Exercise objective ▸ Your answer must be the full listing below, repeated exactly, with no pictures in it.

Data provided ▸

BEGIN

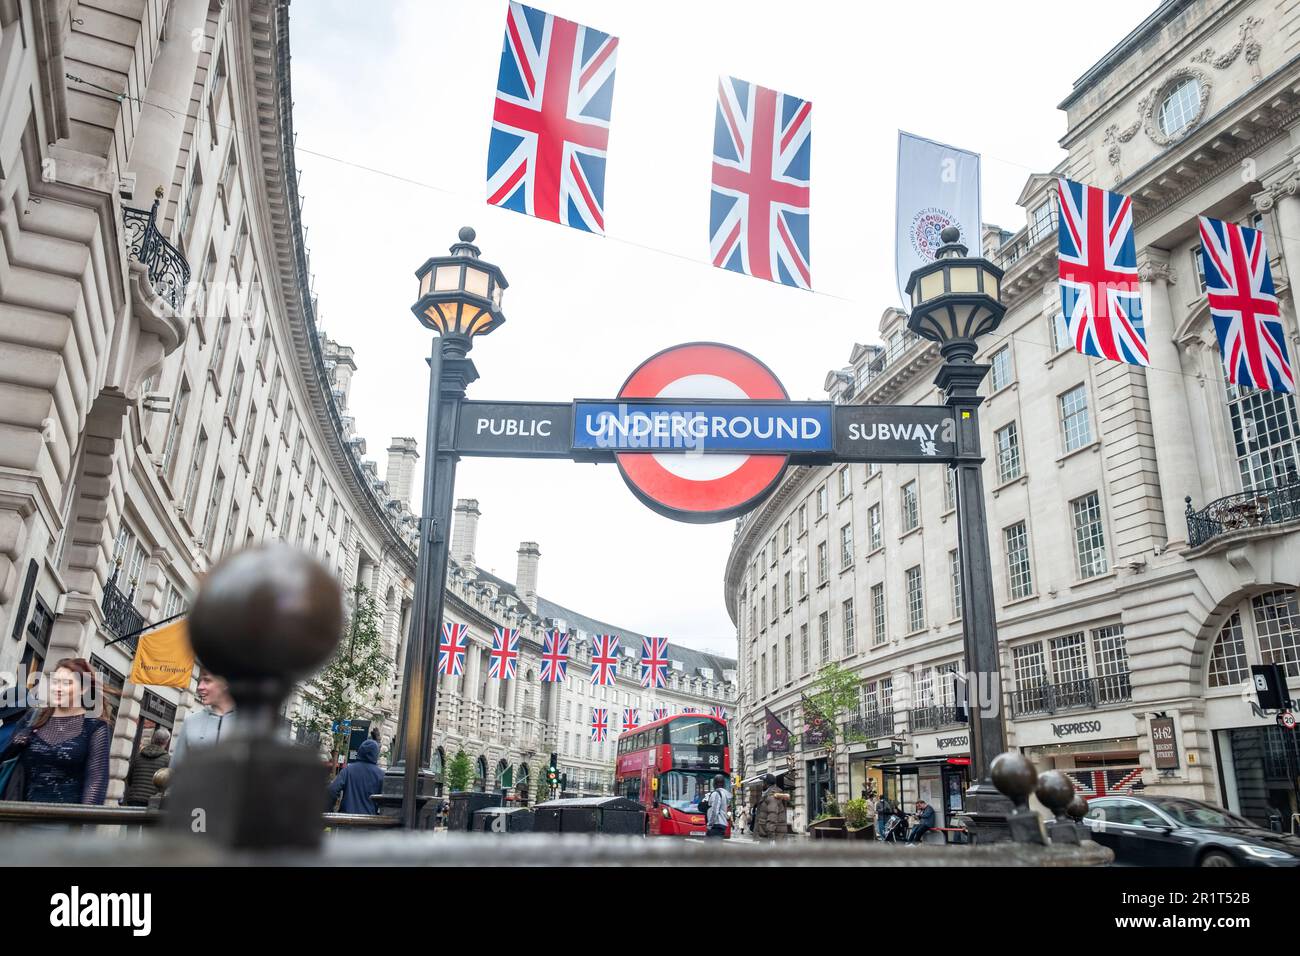 London- May 2023: View of Regent Street in London with Piccadilly Circus underground station in foreground. Stock Photo
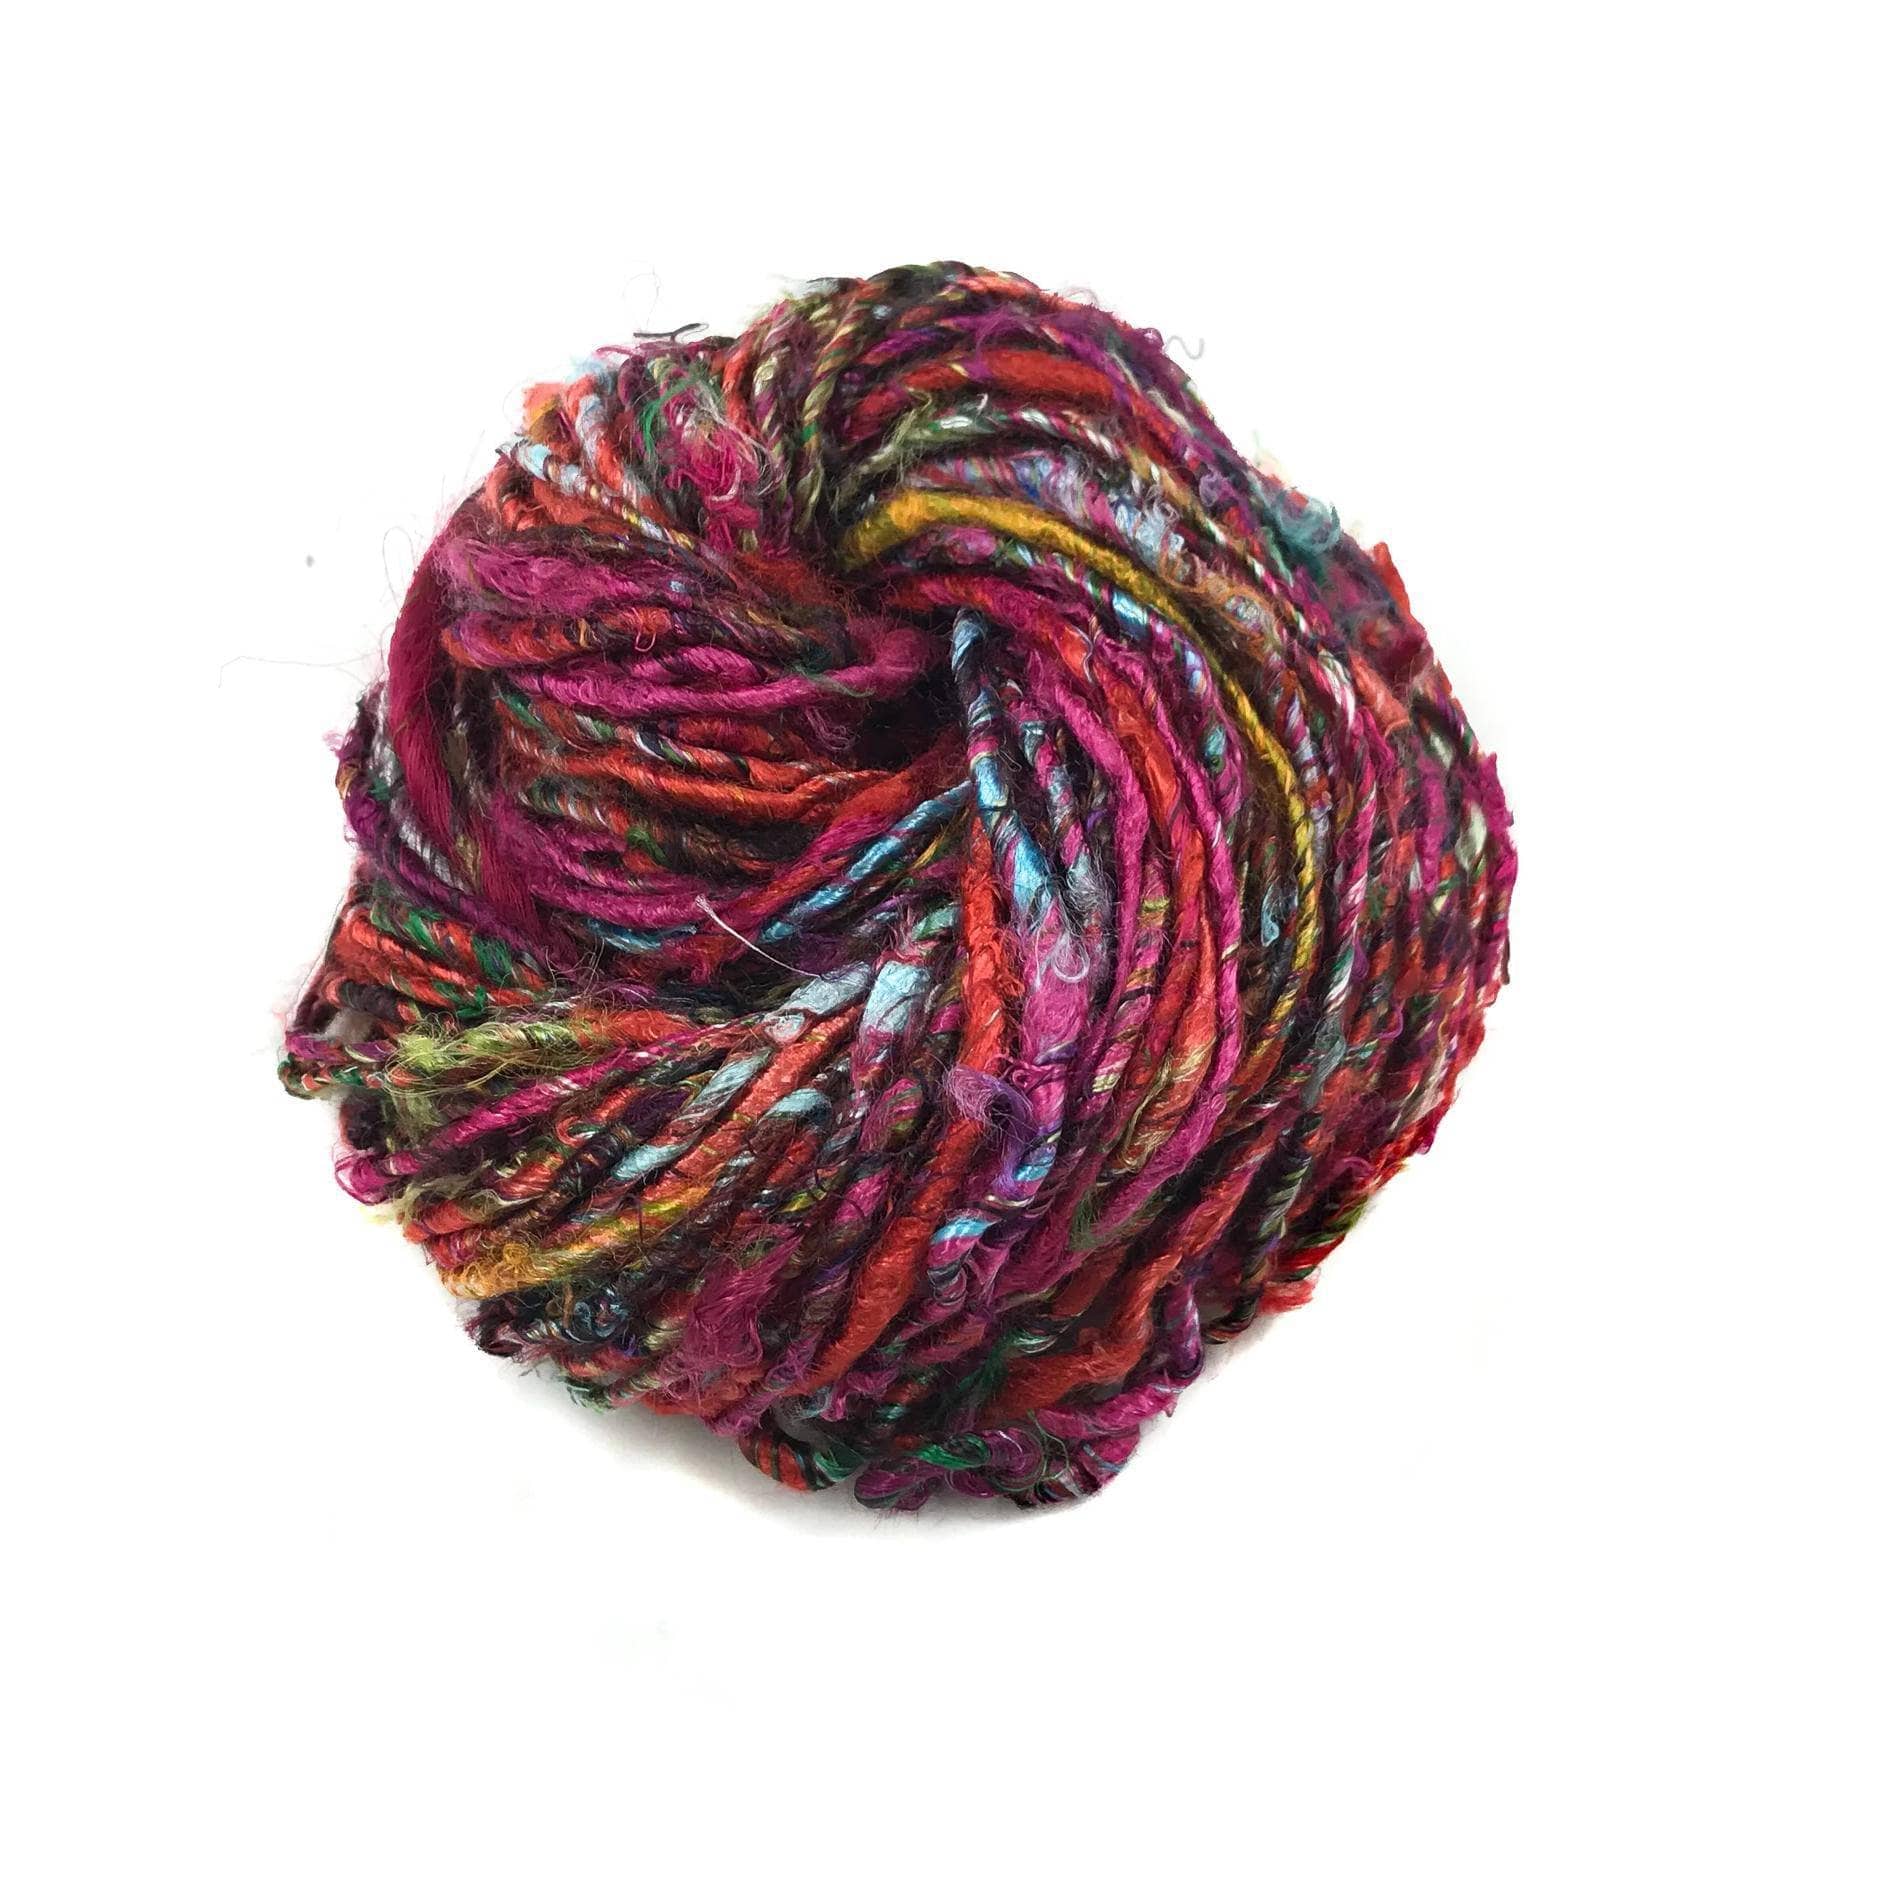 Top view of skein of Kaleidoscope banana fiber yarn curled into a birds nest shape in front of a white background.
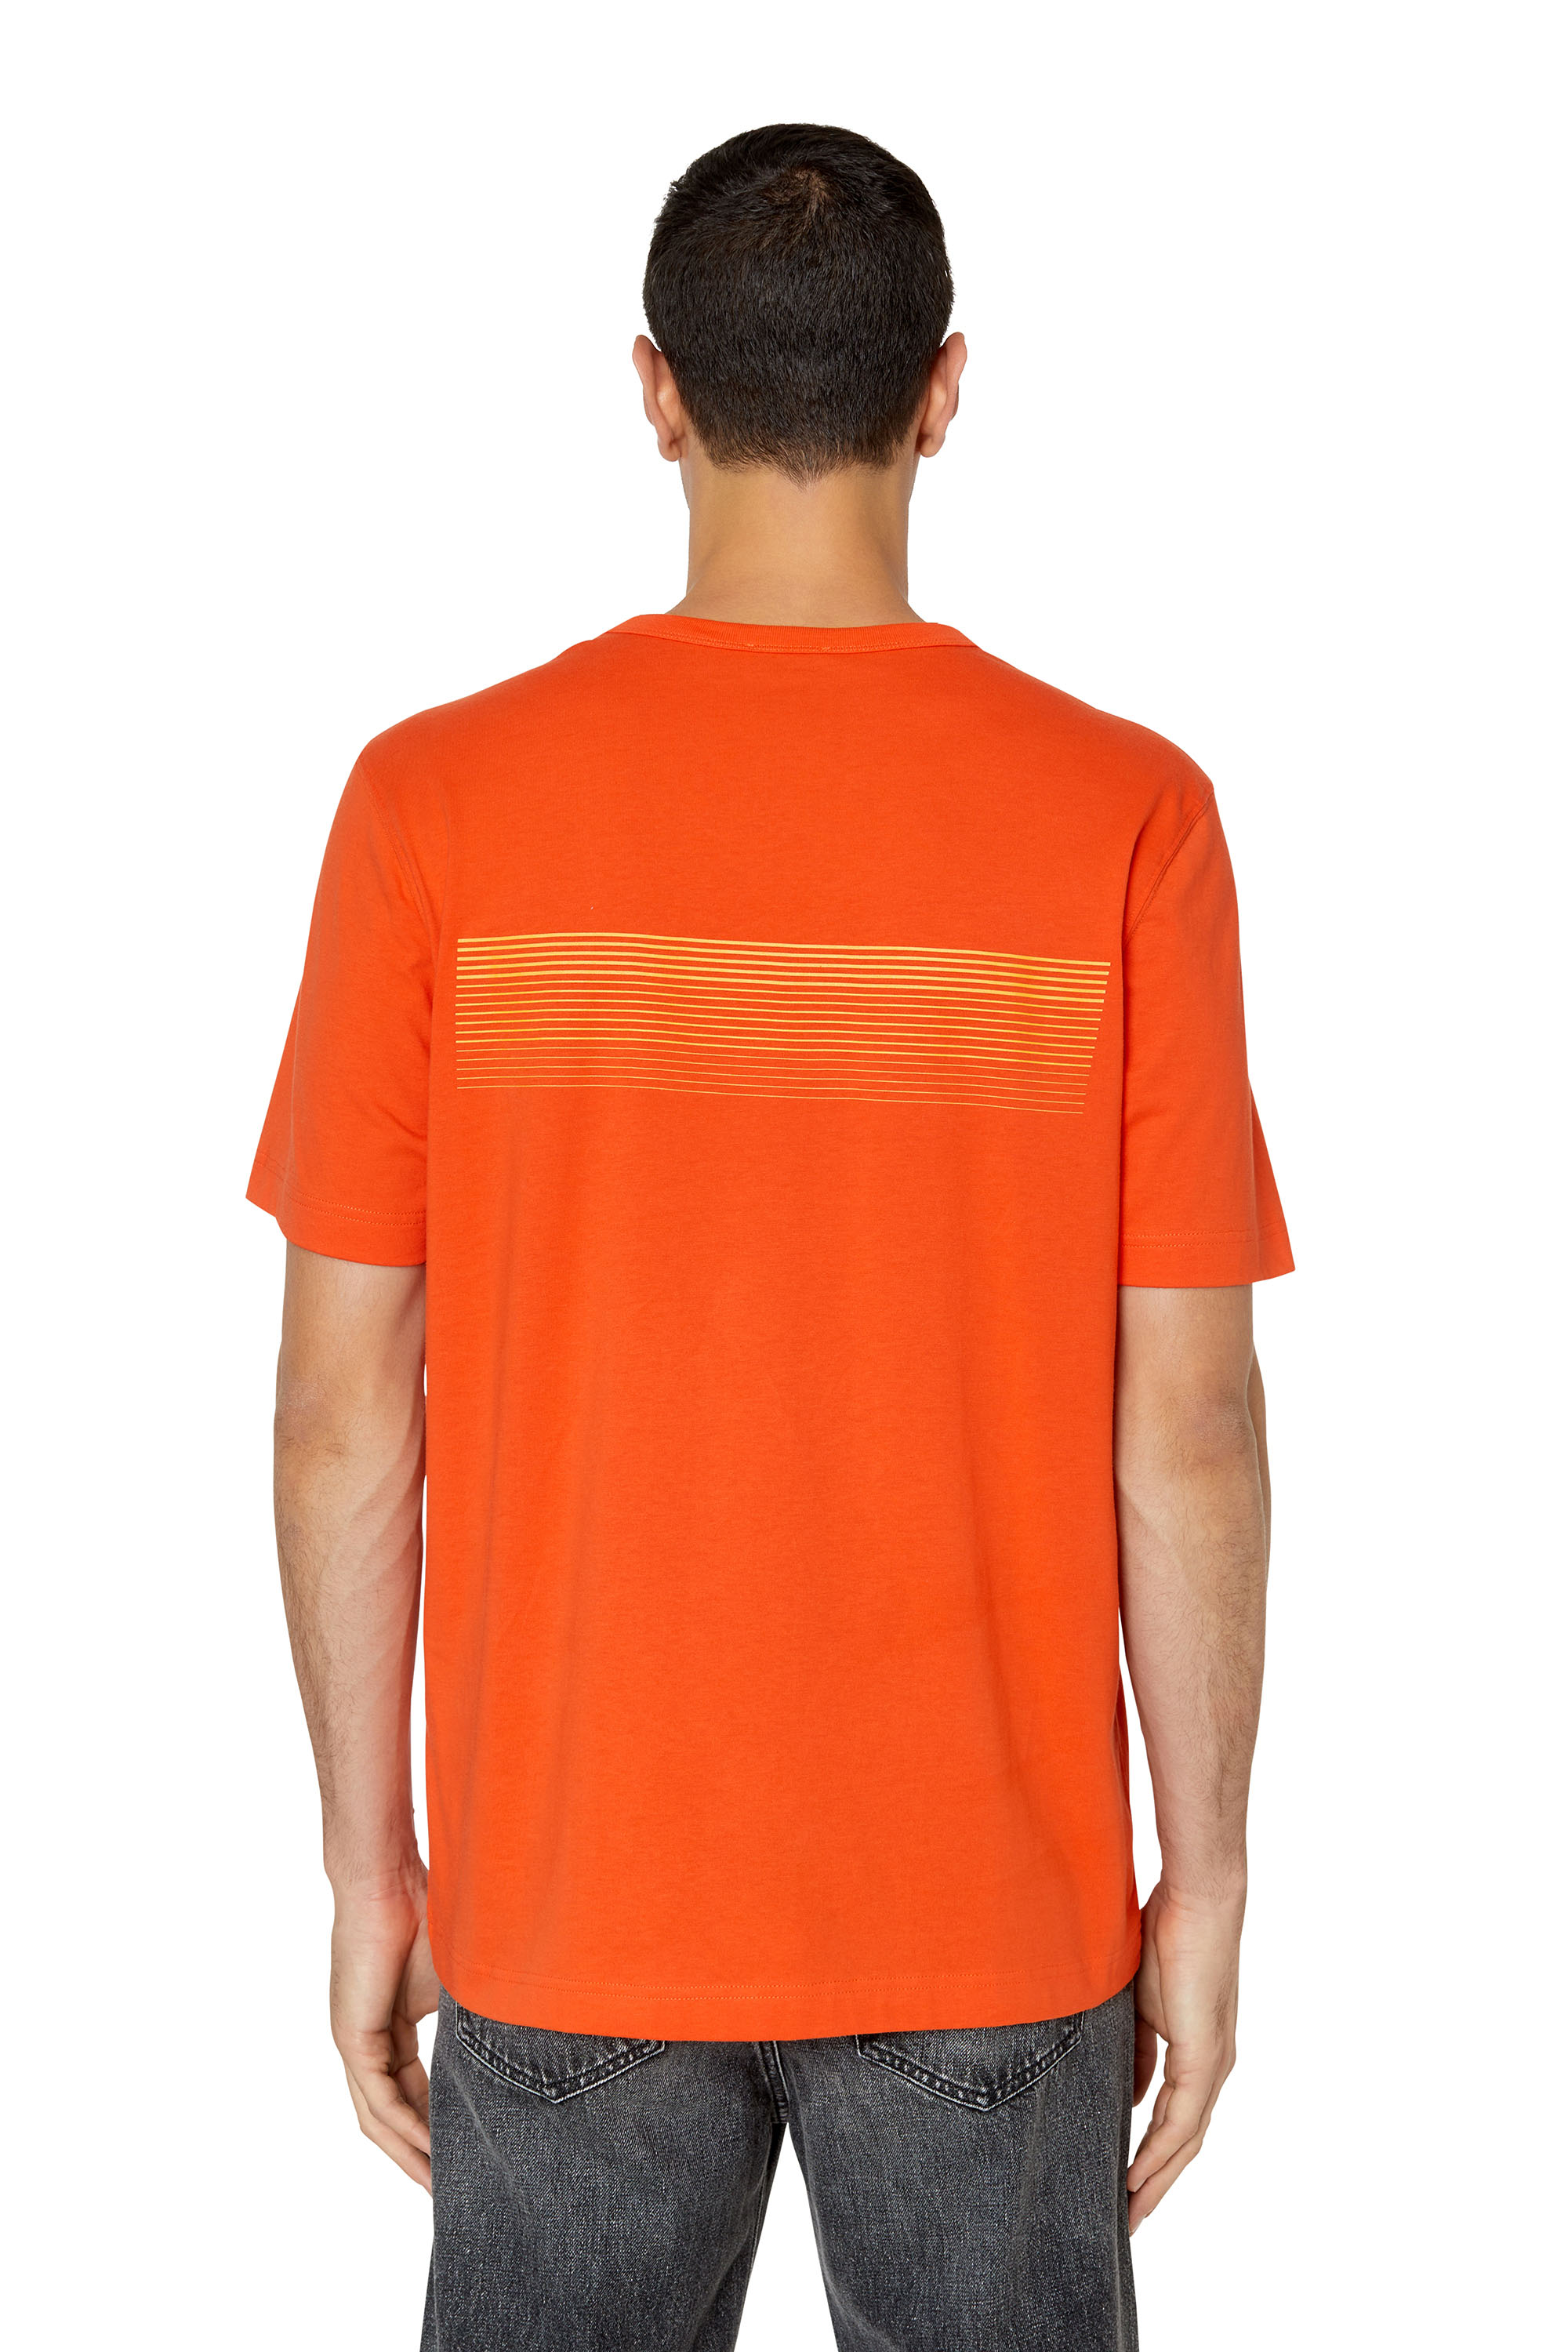 T-JUST-E19 Man: T-shirt with striped logo print | Diesel

END

Answer to this exercise ▸
 London- May 2023: View of Regent Street in London with Piccadilly Circus underground station in foreground. Stock Photo
 Top view of skein of Kaleidoscope banana fiber yarn curled into a birds nest shape in front of a white background.
 T-JUST-E19 Man: T-shirt with striped logo print | Diesel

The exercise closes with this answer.